📊

Ch.3 Variance and Standard Deviation

Sep 9, 2025

Overview

This lecture introduces measures of spread (dispersion) in statistics, explaining how data varies around the center, why it matters, and how to calculate key measures like range, interquartile range, variance, and standard deviation.

What Are Measures of Spread?

  • Measures of spread describe how data values are distributed around the center (mean or median).
  • They help determine how well the mean or median represents the data set.
  • Common uses include fields like test scoring, economics, investing, gambling, and polling.

Key Measures of Spread

Range

  • Range = largest value - smallest value in a data set.
  • Shows the distance between the most extreme data points.
  • Sensitive to outliers and does not reflect the core of the data.

Interquartile Range (IQR)

  • IQR = Q3 – Q1, where Q1 and Q3 are the medians of the data's lower and upper halves.
  • Represents the spread of the middle 50% of data.
  • Less affected by outliers than the range.

Variance

  • Variance measures how far each data point is from the mean, averaged as squared deviations.
  • For a sample, variance = sum of squared deviations from mean divided by (number of data points – 1).
  • Units of variance are squared units (e.g., seconds², wins²).
  • Variance increases with more spread-out data and is affected by outliers.

Standard Deviation

  • Standard deviation = square root of variance, returning to original units.
  • Indicates the average amount a data point deviates from the mean.
  • High standard deviation means data is more spread out; low means data is clustered near the mean.
  • Like variance, it's sensitive to extreme values.

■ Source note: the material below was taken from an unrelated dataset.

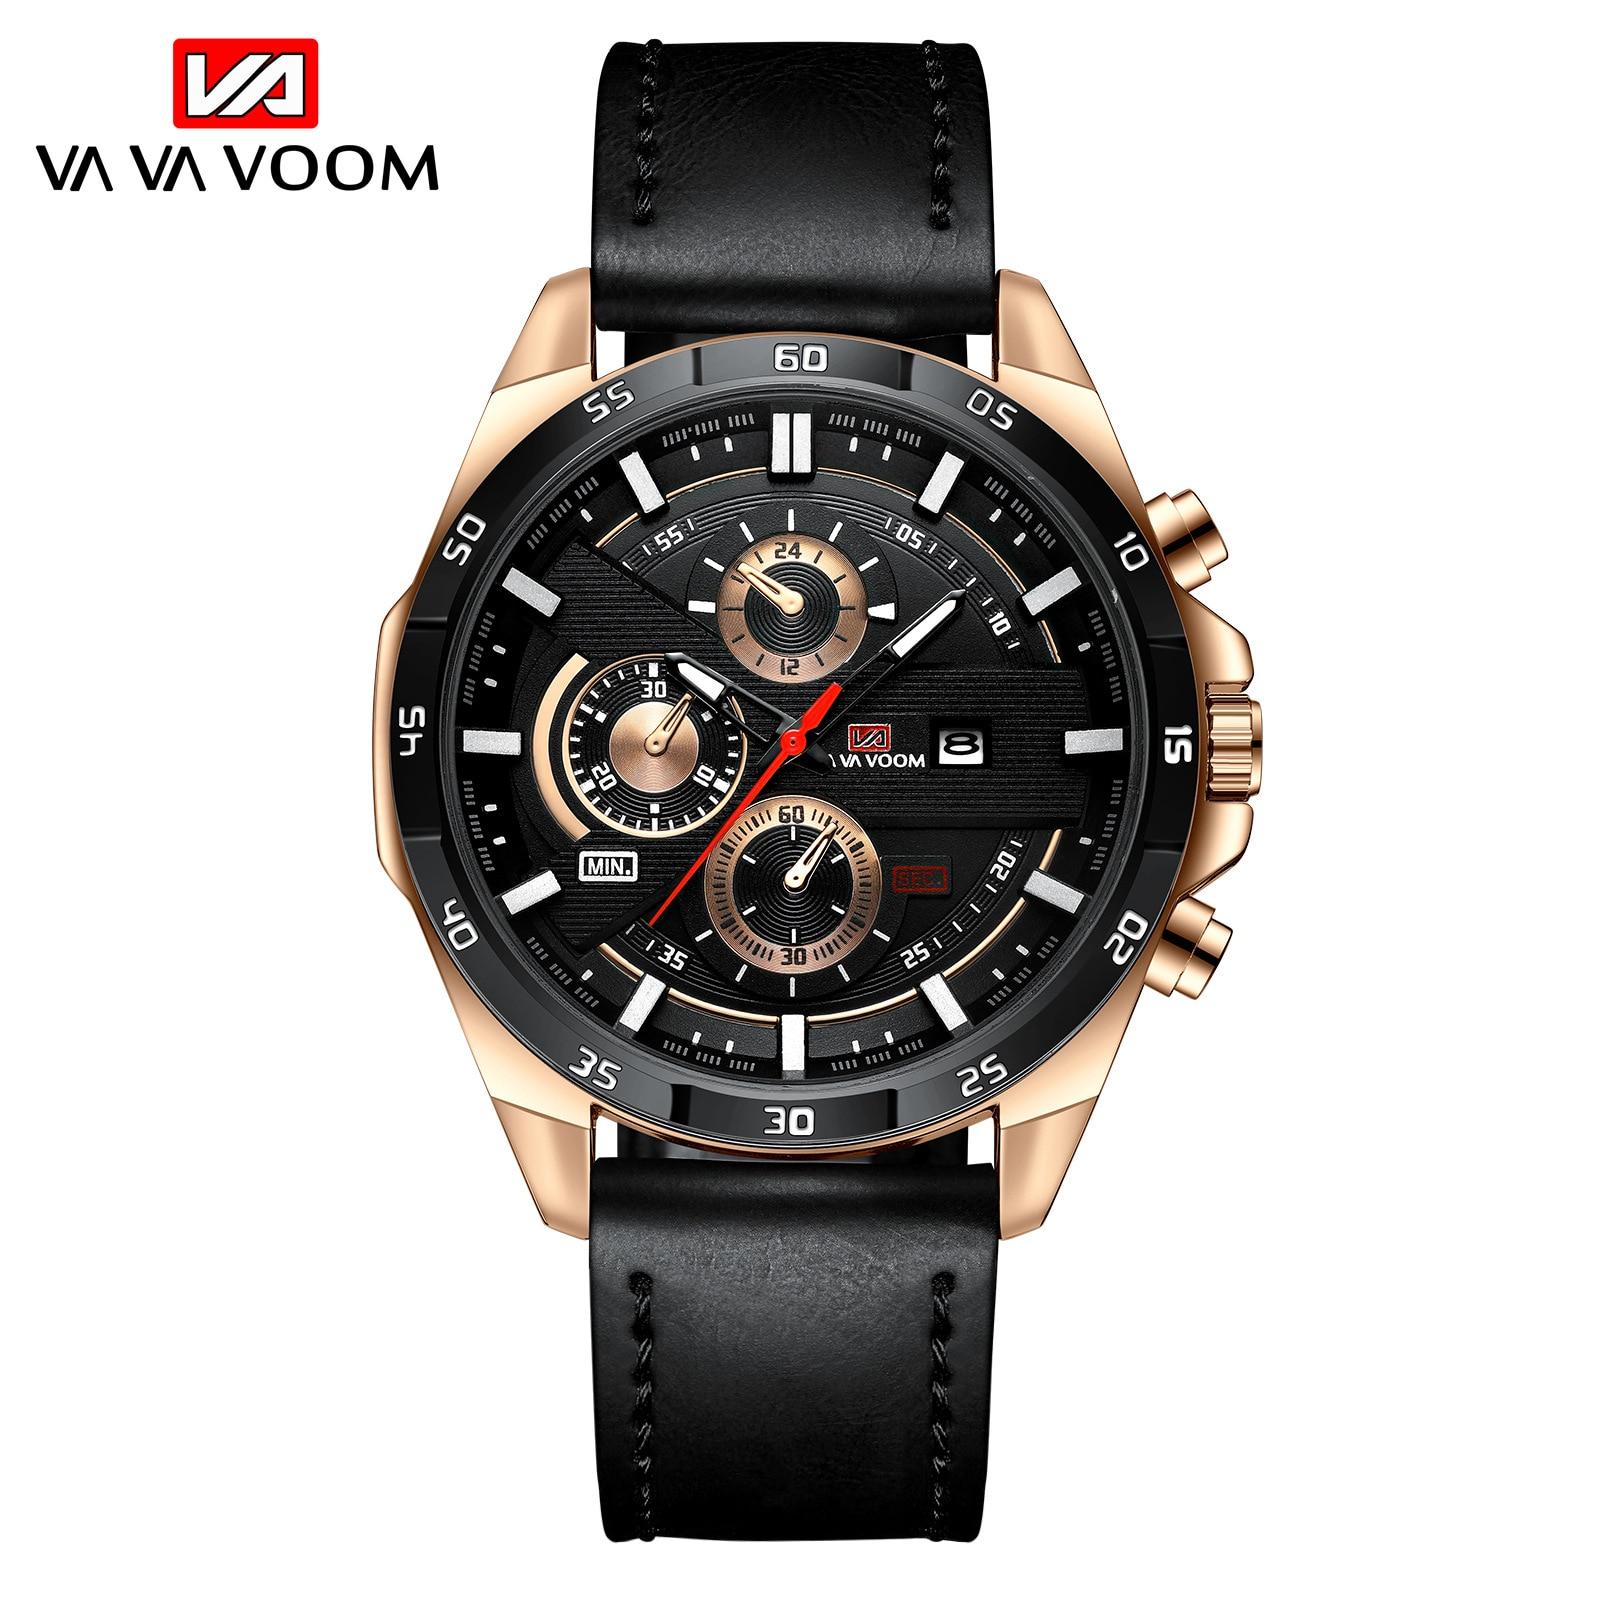 VAVA VOOM Brand Men Quartz Watch Leather Strap Business Wristwatch Men Military Casual Sport Watches Mens Relogio Masculino 2020
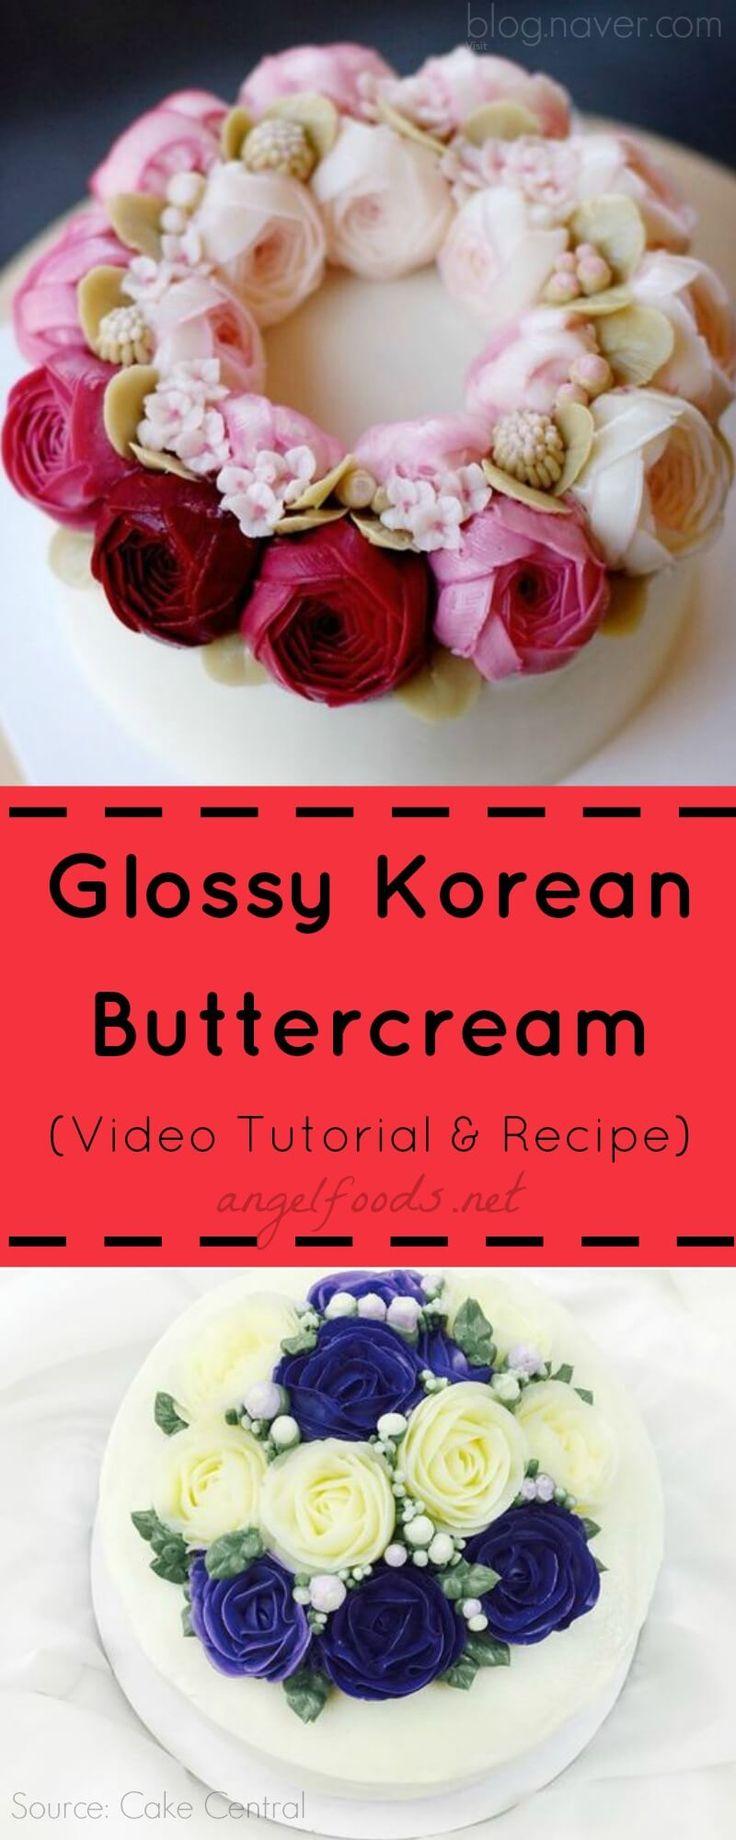 Brillante Coreano Buttercream (Video Tutorial & Recipe) |  Alimentos de ángel

Practical Implications & Examples

  • Removing outliers (extreme values) lowers the range, variance, and standard deviation but affects the mean more than the median.
  • Standard deviation helps interpret how well the mean summarizes data.
  • Growing a YouTube channel example: higher standard deviation in audience age means a more diverse viewer base.

Key Terms & Definitions

  • Range — Difference between the largest and smallest data points.
  • Interquartile Range (IQR) — Difference between the third and first quartiles (Q3 – Q1), shows spread of the middle half.
  • Variance — Average squared distance of each data point from the mean.
  • Standard Deviation — Square root of variance; average distance of data points from the mean.
  • Outlier — Data point much higher or lower than most others, greatly impacts measures of spread.

Action Items / Next Steps

  • Practice calculating range, IQR, variance, and standard deviation with sample data sets.
  • Watch for outliers when interpreting mean and standard deviation.
  • Review the next lecture for more on outliers.